#### Task requirements
Nothing outside the lines below from the one containing "Mike Nasty Sept 22 Chart" through the one containing "Meyer Distributing Company Logo" is to be printed; print those exactly, ends included, and drop the pictures.

#### Source material
--- START ---

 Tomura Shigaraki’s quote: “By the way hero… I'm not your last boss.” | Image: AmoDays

--- END ---
--- START ---

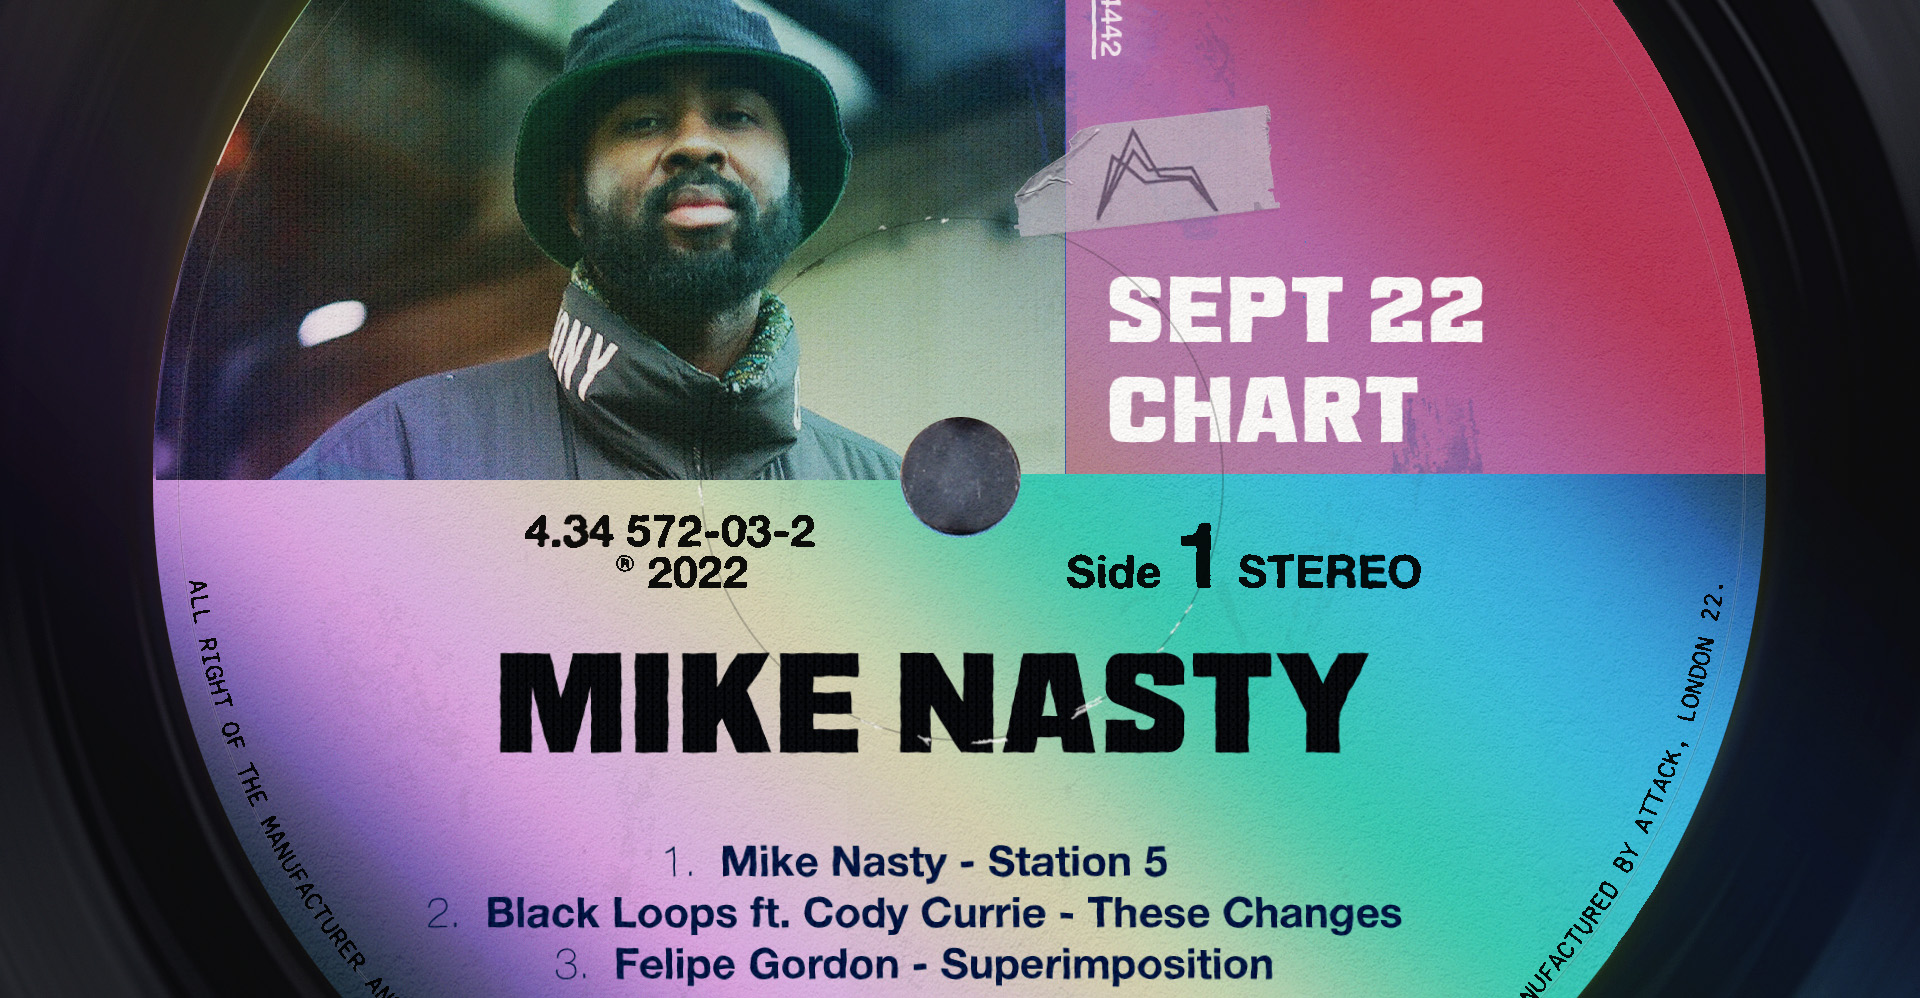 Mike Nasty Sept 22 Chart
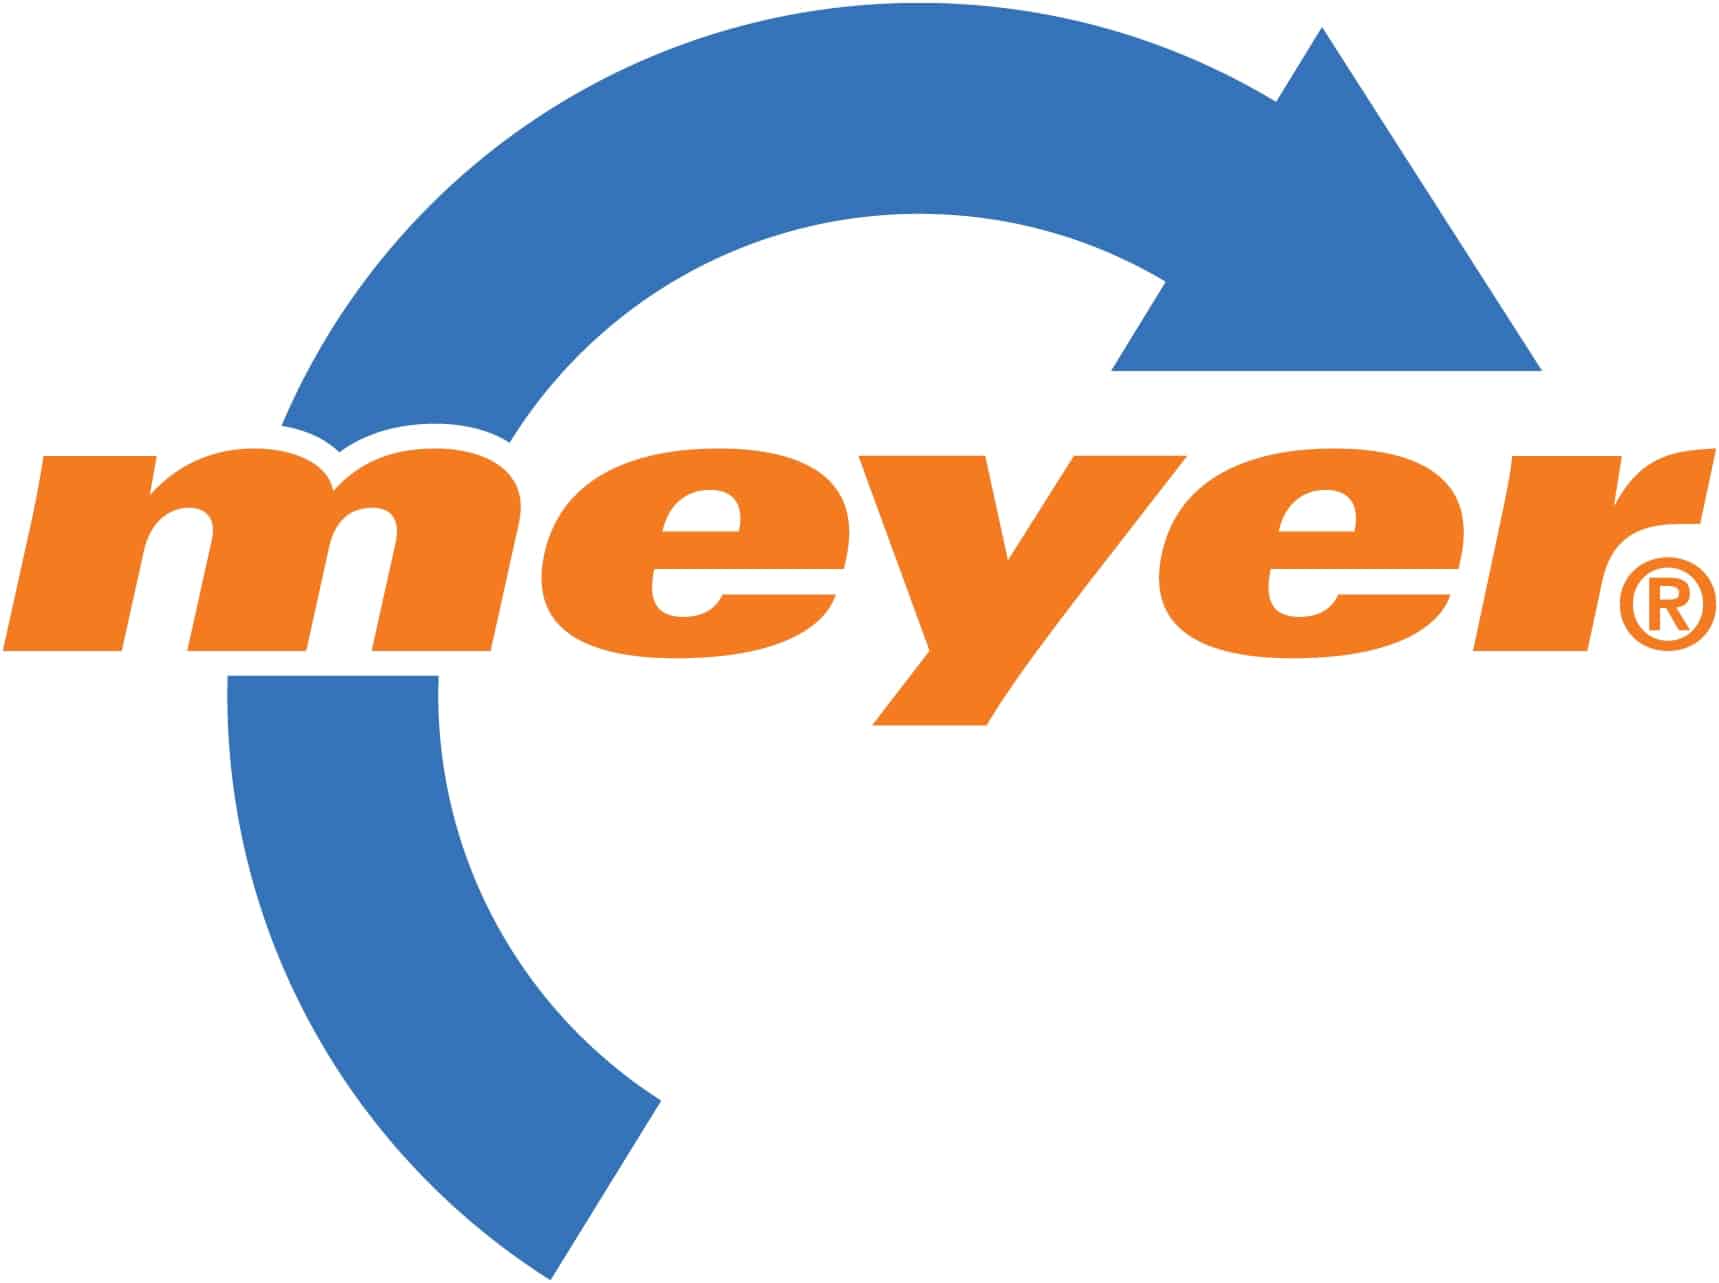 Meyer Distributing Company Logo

--- END ---

#### Answer for the task
 Mike Nasty Sept 22 Chart
 Meyer Distributing Company Logo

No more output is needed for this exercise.